What is being asked: Everything in the data except the pictures belongs in your answer, copied exactly.

START Dataset section

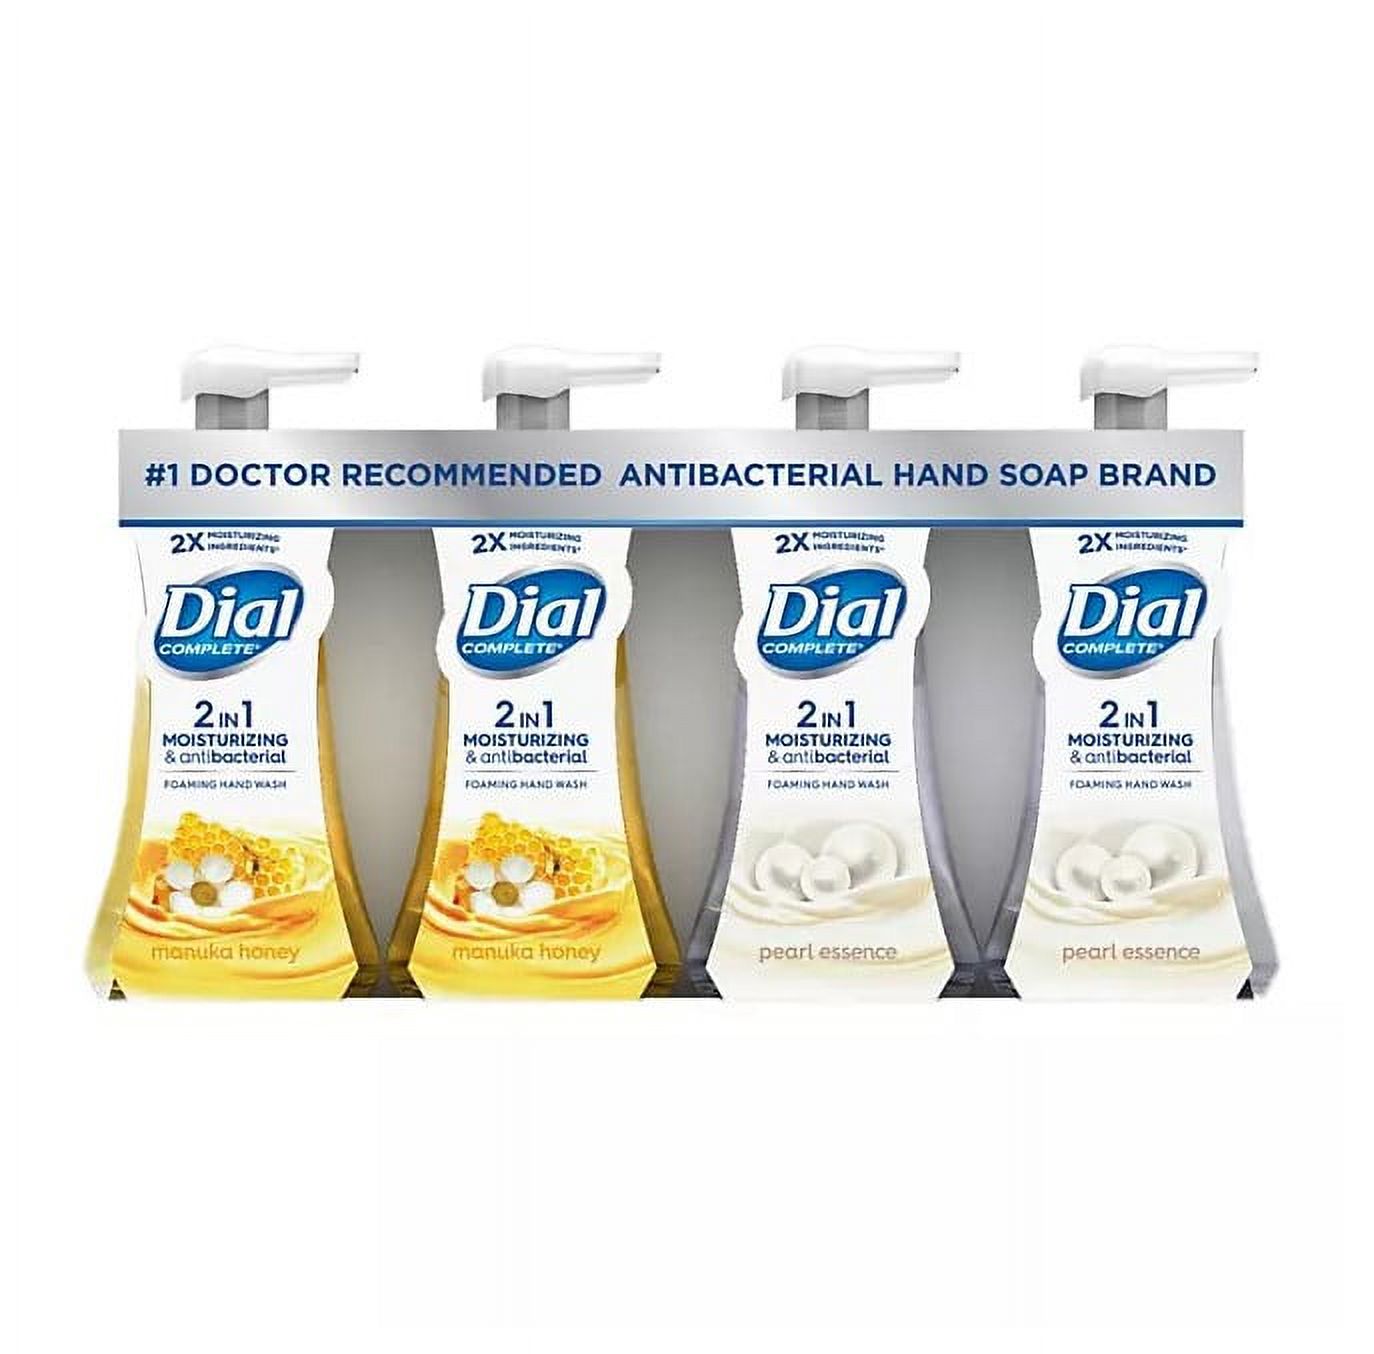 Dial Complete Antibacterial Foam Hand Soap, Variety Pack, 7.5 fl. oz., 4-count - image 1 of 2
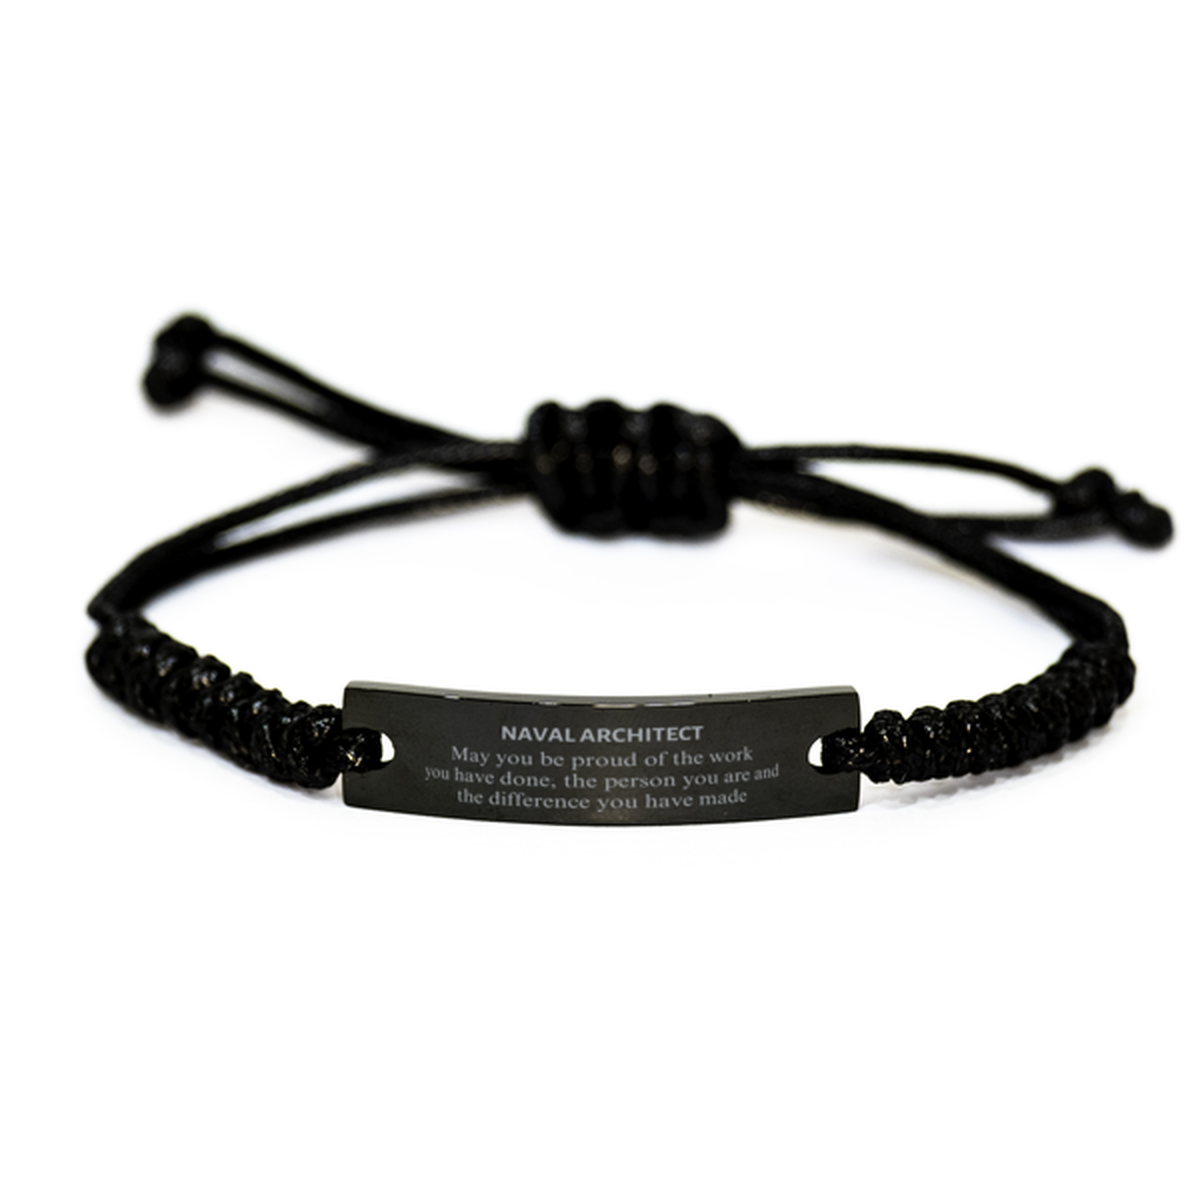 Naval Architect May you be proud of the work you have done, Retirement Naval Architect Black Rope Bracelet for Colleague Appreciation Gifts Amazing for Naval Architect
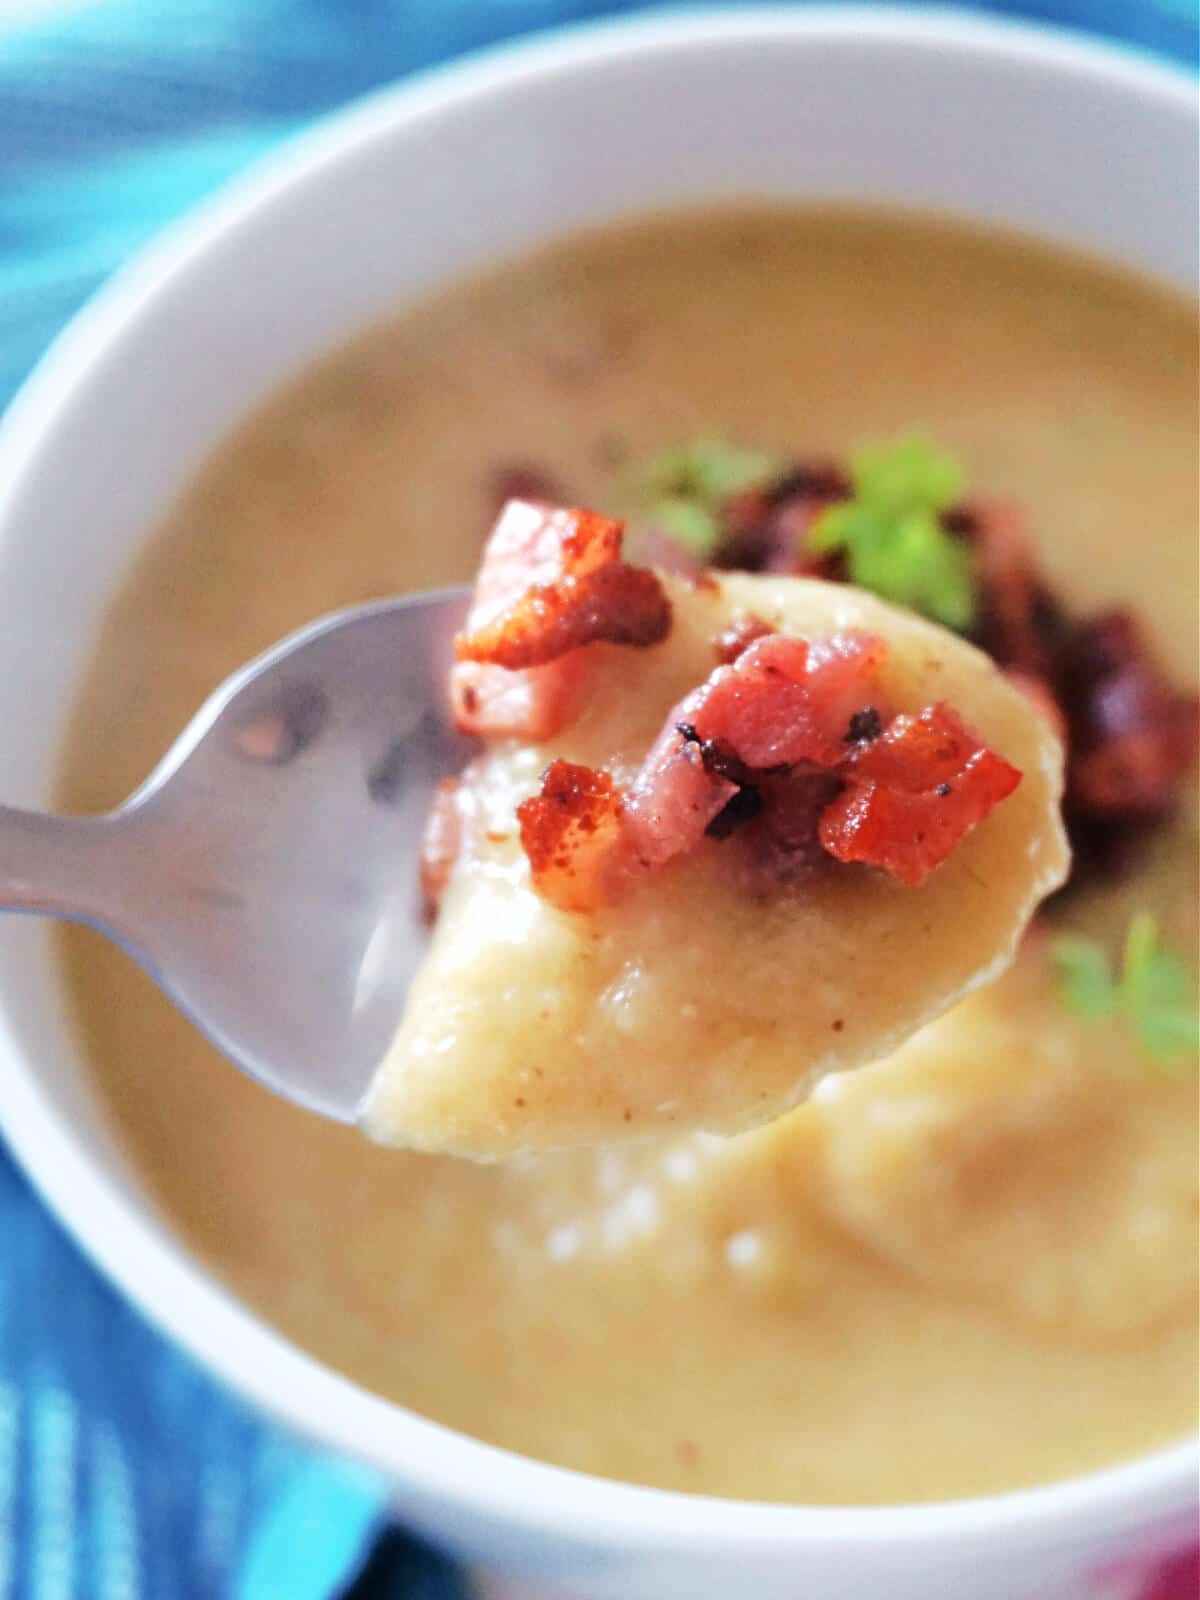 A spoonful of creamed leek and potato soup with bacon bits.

END Dataset section

Exercise result:
 Dial Complete Antibacterial Foam Hand Soap, Variety Pack, 7.5 fl. oz., 4-count - image 1 of 2
 Naval Architect May you be proud of the work you have done, Retirement Naval Architect Black Rope Bracelet for Colleague Appreciation Gifts Amazing for Naval Architect
 A spoonful of creamed leek and potato soup with bacon bits.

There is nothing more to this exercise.